Вокруг турбинского семинара сгруппировалось большое количество людей разных возрастов, он стал центром некоего неформального содружества, участники которого оказали на меня гораздо большее влияние, чем университетские преподаватели. Самые младшие в этом содружестве были студентами второго курса, как я, а самые старшие — людьми аспирантского возраста. Так или иначе, с этим семинаром были связаны люди, имена которых сейчас на слуху: Алексей Михайлович Песков (к сожалению, покойный), Вера Аркадьевна Мильчина, Андрей Леонидович Зорин, Сергей Николаевич Зенкин (он не был непосредственным участником семинара, но примыкал к нему), ну и многие другие. А самым ярким и многообещающим студентом тогда был Андрей Семенович Немзер. Деятельность этого содружества вышла за пределы турбинского семинара, на его основании создалась так называемая проблемная группа, которую студенты придумали сами, а легальной «крышей» для нее, позволявшей собираться и делать доклады, стало так называемое научное студенческое общество. На заседаниях общества серьезное часто мешалось с игрой: в архиве Веры Мильчиной должны сохраниться протоколы заседаний, которые она сама и составляла с присущим ей язвительным юмором. Общение с этими людьми оказало на меня очень большое влияние: они были более образованными, чем я, и я старался подтягиваться к их уровню.

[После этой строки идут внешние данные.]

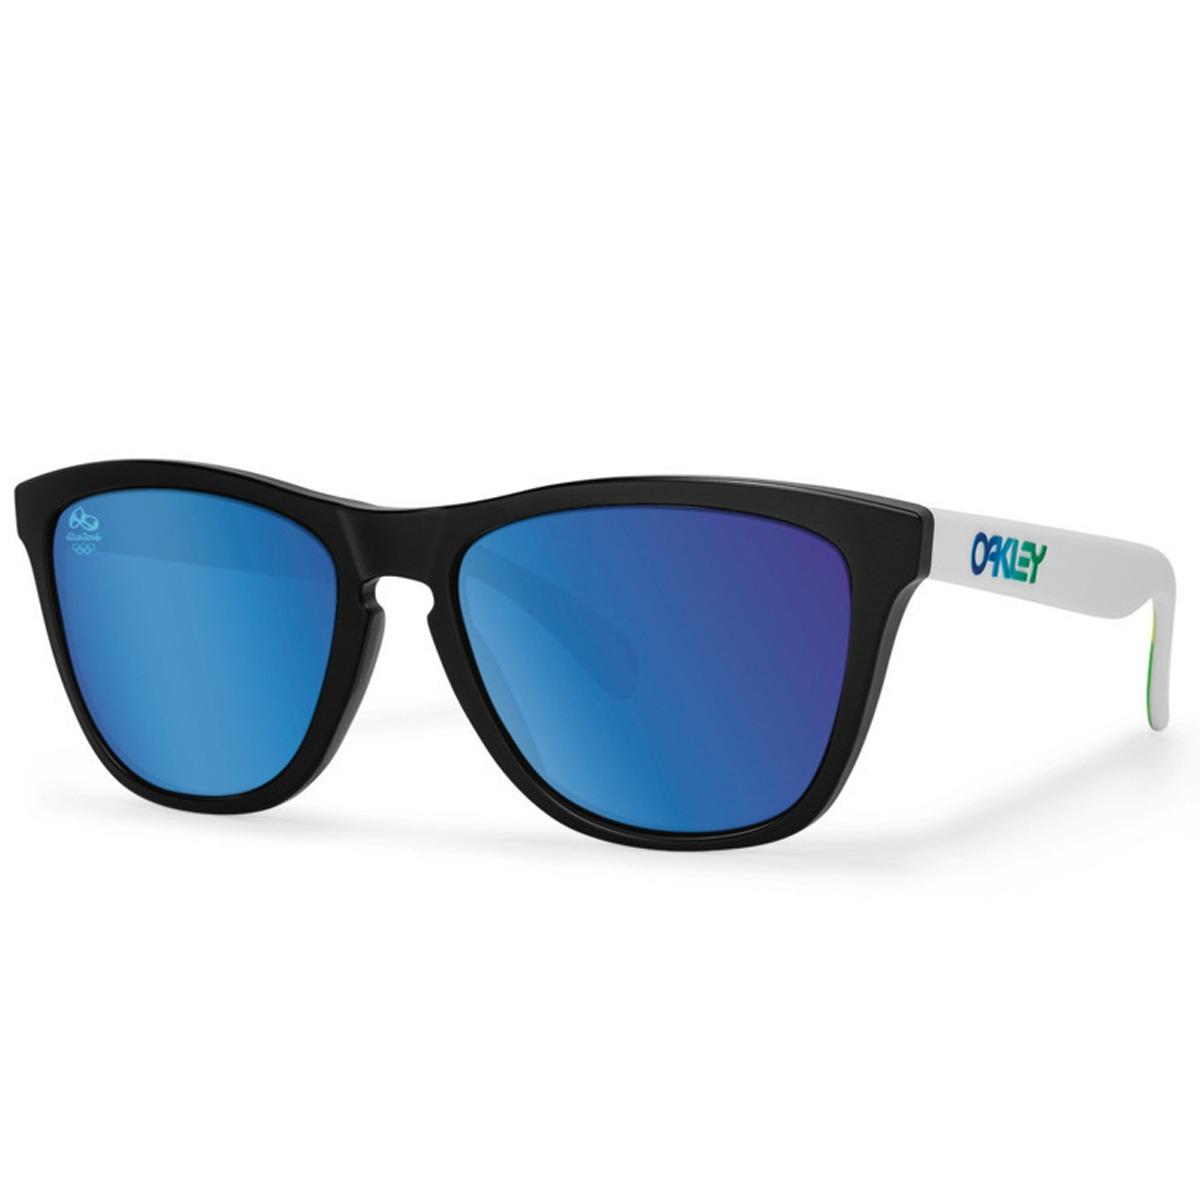 06cc4b2613a14 Óculos Oakley Frogskins - R  479,90 em Mercado Livre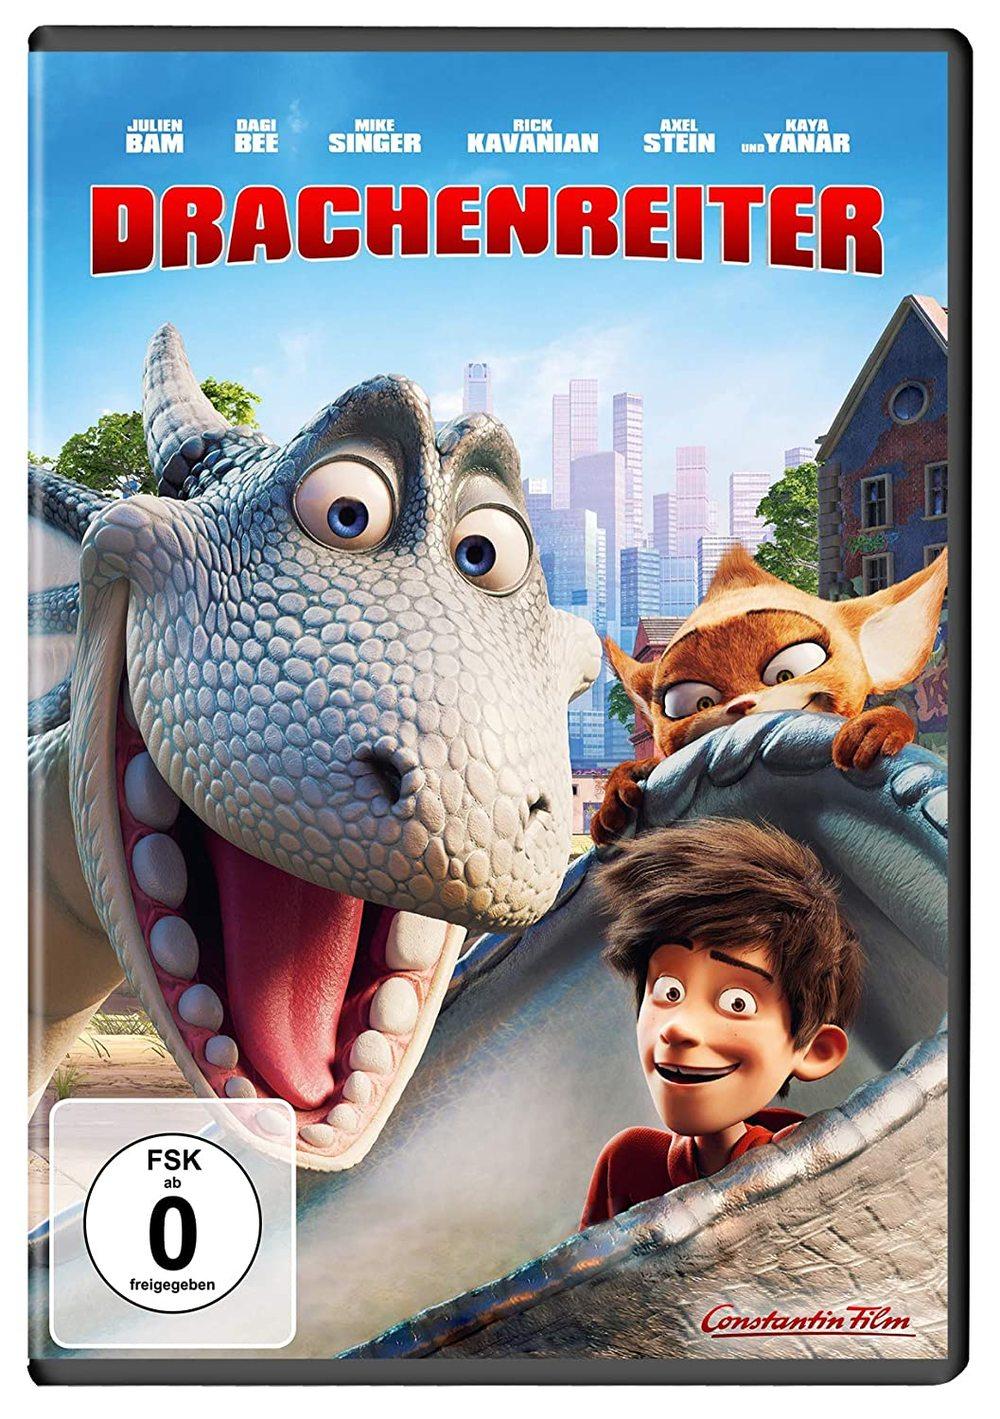 """Schuppige Abenteuer: Wir verlosen die DVD und BD von """"Drachenreiter"""" sowie die Romanvorlage"""

Кто еще оказывал на вас влияние?
На втором курсе у нас начинались спецсеминары, и я записался сразу в два. Один, турбинский, был очень знаменитым, и я боялся, что меня туда не примут. Поэтому я на всякий случай записался и во второй семинар, которым руководил Сергей Михайлович Бонди. Ему уже было 86 лет, и семинары он проводил у себя дома. Я, конечно, о нем знал кое-что, еще в школе читал его комментарии к популярным изданиям Пушкина; кроме того, я знал его с другой стороны: в воспоминаниях Шкловского «Жили-были» в связи с ОПОЯЗом упоминался «белокурый Бонди», от которого все ждали новой замечательной книги по стиховедению. Добавлю от себя, что этой книги он так не написал, и, видимо, в самой фразе Шкловского заключена шпилька. Бонди был человеком устного жанра, и 90% его наследия устное. В общем, я знал, что он пушкинист, стиховед и текстолог, но мне казалось, что это не так интересно, как то, чем занимались у Турбина. Никакого «методологического влияния» Бонди на меня тогда не оказал, хотя сейчас я иногда с гордостью говорю как бы между прочим, что учился у Бонди. Для новых поколений это, наверное, звучит примерно как «ученик Тихонравова». Но само посещение этих семинаров сыграло бесспорную роль в моем развитии. Сергей Михайлович часто отвлекался от предмета наших занятий и рассказывал биографические анекдоты, в которых содержался заряд взрывной информации. Например, рассказ он мог начать так: «Когда Мейерхольд с моим братом Юрой придумывали биомеханику…», «Когда мы жили на одной даче с Федором Сологубом, я сказал ему, что…». Батюшки, на одной даче с Сологубом!.. Дальше шел рассказ о том, как Бонди сказал Сологубу, что в «Сказке о мертвой царевне и о семи богатырях» есть такие строчки, которые по своему качеству ничуть не уступают лучшим лирическим стихам Пушкина. На что Сологуб ничего не сказал, ухмыльнулся и начал наизусть читать именно те стихи, которые Сергей Михайлович подразумевал:
Там за речкой тихоструйной
Есть высокая гора,
В ней глубокая нора;
В той норе, во тьме печальной,
Гроб качается хрустальный…
Или такое начало: «Когда Александр Блок пригласил меня на чтение драмы „Роза и крест”…». Для меня это звучало примерно, как если бы он сказал: «Когда Пушкин пригласил меня на чтение „Бориса Годунова”…». В этом смысле семинар Бонди оказался для меня важен. Он был живым свидетельством той культуры, которая казалась навсегда утраченной и воспринималась почти как миф.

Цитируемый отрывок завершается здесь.